Dumping diagnostic data in directory=[cdmp_20180207130324], requested by
(instance=2, osid=18627 (SMON)), summary=[abnormal process termination].

This looked bad and so I decided to start killing the restore sessions, obviously not including the one performing the block recovery. Part way through this process the instance performing block recovery crashed, possibly because of killing the sessions, possibly for other reasons. Reviewing these errors messages for this write-up it would appear that these are actually the result of the block corruption errors being detected on the B node (instance=2) and SMON on that node requesting the action. These were therefore not an issue and were not being caused by the extra restore sessions.

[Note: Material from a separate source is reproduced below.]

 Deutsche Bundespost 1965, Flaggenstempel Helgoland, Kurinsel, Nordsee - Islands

Fortunately the crash of the instance did not result in the block recovery leaving a block in a past state. The corruption errors continued to appear in the alert log of the running instance, so it would appear that the block recovery is an in-memory operation until such time as it is completed. Clearly block recovery by this method was going to take too long and so we had to change to another approach.

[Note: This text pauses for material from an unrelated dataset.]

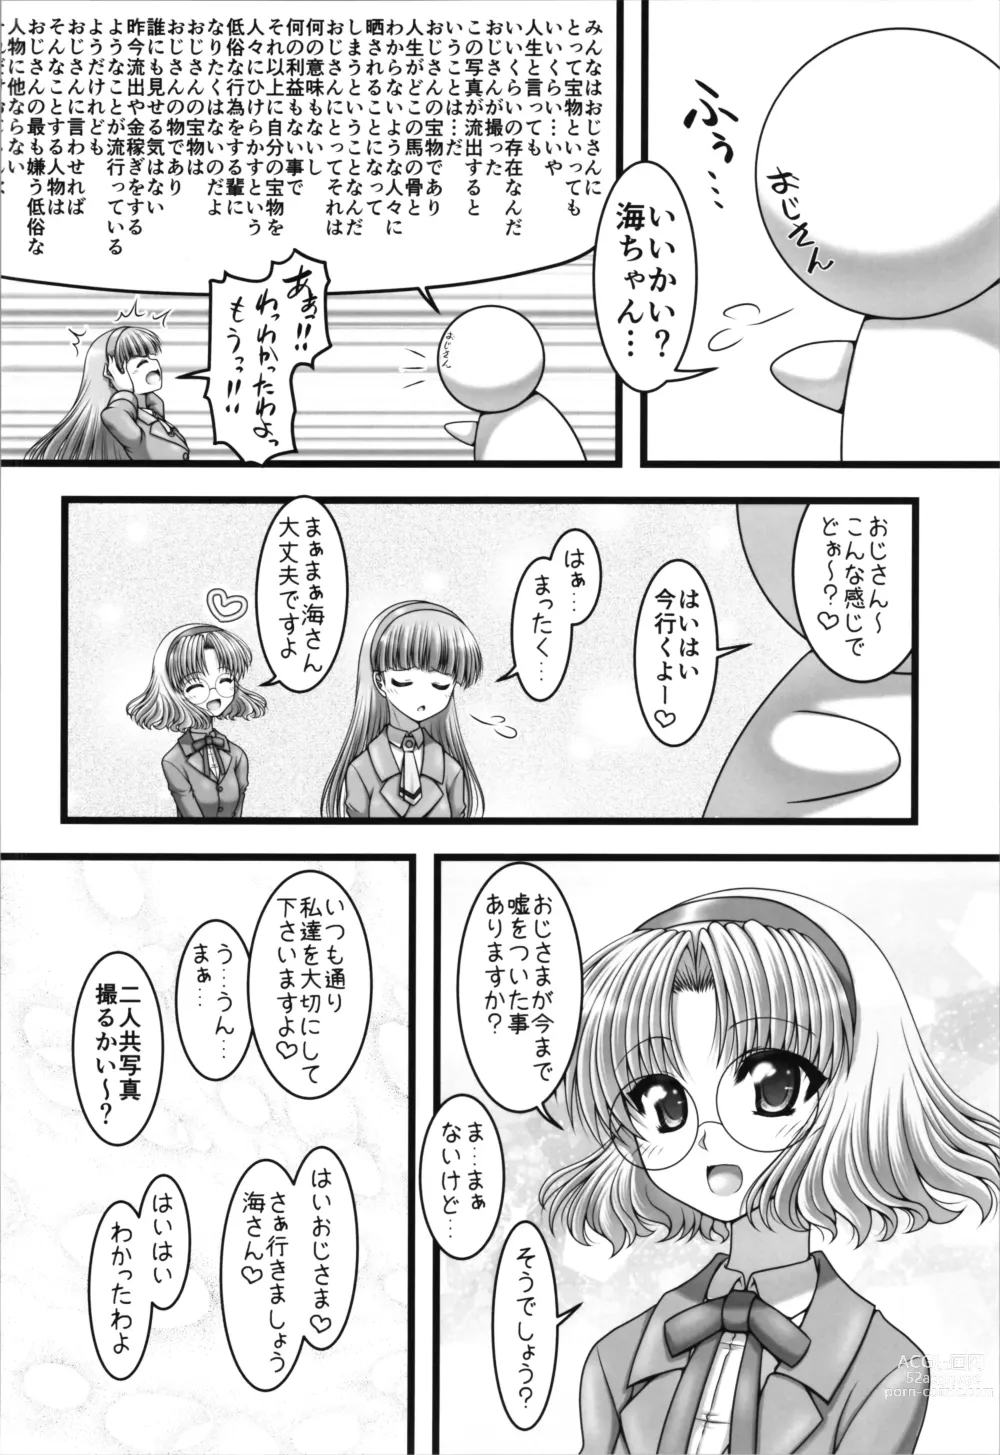 Page 8 of doujinshi Toriaina Towairaito

In such situations in the past, the datafile has been restored from an image copy backup of the same datafile on the standby database. However this would require the entire datafile to be offline which would cause disruption, if not for very long. However during the time I had been monitoring the restore, I had hit on the idea of copying across a backup of the datafile and then performing block recover from that. As it was getting rather late, I discussed this idea with my colleague and we decided to try it. An “incremental level 0” backup of the appropriate datafile was taken from the standby. This was then transferred to the production host and catalogued. Block recovery was then tried again. This time it took only a few minutes and the block was recovered:

RMAN> catalog backuppiece '<backup piece>';
using target database control file instead of recovery catalog
cataloged backup piece
backup piece handle=<backup piece>
RECID=119204 STAMP=967484691
RMAN> recover corruption list ;
Starting recover at ...
allocated channel: ...
channel ORA_DISK_1: restoring block(s)
channel ORA_DISK_1: specifying block(s) to restore from backup set
restoring blocks of datafile 00039
channel ORA_DISK_1: reading from backup piece
<backup piece>
channel ORA_DISK_1: piece
handle=<backup piece>
tag=<tag>
channel ORA_DISK_1: restored block(s) from backup piece 1
channel ORA_DISK_1: block restore complete, elapsed time: 00:02:55
starting media recovery
archived log for thread 2 with sequence 635744 is already on disk as file
...
media recovery complete, elapsed time: 00:02:02
Finished recover ...

Lessons

Block recovery is crash safe. The corrupt block appears not to be touched until a fully restored version is created at the end of the recovery.
When faced with a corrupt block, don’t immediately issue the block recover command. Look at how far back the level 0 backup is and how many archived redo logs are necessary to recovery it. It is quite possible that taking a backup of the relevant data files on the standby and recovering from them will be far quicker.
Pay close attention to the messages in the alert logs. I was looking at the corrupt block messages appearing in the running instances alert log, but it did not click that this meant that the block had not been touched and therefore we could happily kill the recovery operation. I also starting killing the archived log restore sessions on the mistaken belief that these were causing SMON core dumps. Again, this was not the case as a closer examination of the error message showed.